[INSTRUCTIONS TO FOLLOW]
Quote all of the data below exactly, please.

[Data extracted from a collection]
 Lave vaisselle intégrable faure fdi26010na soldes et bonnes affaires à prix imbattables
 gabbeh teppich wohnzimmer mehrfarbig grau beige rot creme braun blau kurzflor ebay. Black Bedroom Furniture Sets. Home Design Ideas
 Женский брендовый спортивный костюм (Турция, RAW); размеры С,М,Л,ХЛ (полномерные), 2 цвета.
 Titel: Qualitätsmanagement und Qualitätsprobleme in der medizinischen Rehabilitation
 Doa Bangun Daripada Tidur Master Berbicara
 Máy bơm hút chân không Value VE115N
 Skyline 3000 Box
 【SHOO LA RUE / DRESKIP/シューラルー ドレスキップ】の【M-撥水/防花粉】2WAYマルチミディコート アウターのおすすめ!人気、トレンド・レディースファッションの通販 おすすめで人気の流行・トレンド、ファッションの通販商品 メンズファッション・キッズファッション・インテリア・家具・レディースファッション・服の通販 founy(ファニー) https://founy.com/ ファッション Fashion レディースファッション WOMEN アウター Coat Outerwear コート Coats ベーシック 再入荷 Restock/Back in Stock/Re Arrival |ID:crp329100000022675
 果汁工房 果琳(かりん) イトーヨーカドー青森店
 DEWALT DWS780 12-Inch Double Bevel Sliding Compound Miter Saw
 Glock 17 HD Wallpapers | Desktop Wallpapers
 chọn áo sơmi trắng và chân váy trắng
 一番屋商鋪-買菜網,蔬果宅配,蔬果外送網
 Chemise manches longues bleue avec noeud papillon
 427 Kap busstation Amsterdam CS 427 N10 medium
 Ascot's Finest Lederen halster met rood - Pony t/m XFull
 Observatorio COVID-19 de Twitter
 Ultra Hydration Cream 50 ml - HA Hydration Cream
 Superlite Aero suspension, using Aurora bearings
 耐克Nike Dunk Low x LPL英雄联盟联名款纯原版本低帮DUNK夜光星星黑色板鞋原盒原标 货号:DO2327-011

[OUTPUT OF THE TASK]
 Lave vaisselle intégrable faure fdi26010na soldes et bonnes affaires à prix imbattables
 gabbeh teppich wohnzimmer mehrfarbig grau beige rot creme braun blau kurzflor ebay. Black Bedroom Furniture Sets. Home Design Ideas
 Женский брендовый спортивный костюм (Турция, RAW); размеры С,М,Л,ХЛ (полномерные), 2 цвета.
 Titel: Qualitätsmanagement und Qualitätsprobleme in der medizinischen Rehabilitation
 Doa Bangun Daripada Tidur Master Berbicara
 Máy bơm hút chân không Value VE115N
 Skyline 3000 Box
 【SHOO LA RUE / DRESKIP/シューラルー ドレスキップ】の【M-撥水/防花粉】2WAYマルチミディコート アウターのおすすめ!人気、トレンド・レディースファッションの通販 おすすめで人気の流行・トレンド、ファッションの通販商品 メンズファッション・キッズファッション・インテリア・家具・レディースファッション・服の通販 founy(ファニー) https://founy.com/ ファッション Fashion レディースファッション WOMEN アウター Coat Outerwear コート Coats ベーシック 再入荷 Restock/Back in Stock/Re Arrival |ID:crp329100000022675
 果汁工房 果琳(かりん) イトーヨーカドー青森店
 DEWALT DWS780 12-Inch Double Bevel Sliding Compound Miter Saw
 Glock 17 HD Wallpapers | Desktop Wallpapers
 chọn áo sơmi trắng và chân váy trắng
 一番屋商鋪-買菜網,蔬果宅配,蔬果外送網
 Chemise manches longues bleue avec noeud papillon
 427 Kap busstation Amsterdam CS 427 N10 medium
 Ascot's Finest Lederen halster met rood - Pony t/m XFull
 Observatorio COVID-19 de Twitter
 Ultra Hydration Cream 50 ml - HA Hydration Cream
 Superlite Aero suspension, using Aurora bearings
 耐克Nike Dunk Low x LPL英雄联盟联名款纯原版本低帮DUNK夜光星星黑色板鞋原盒原标 货号:DO2327-011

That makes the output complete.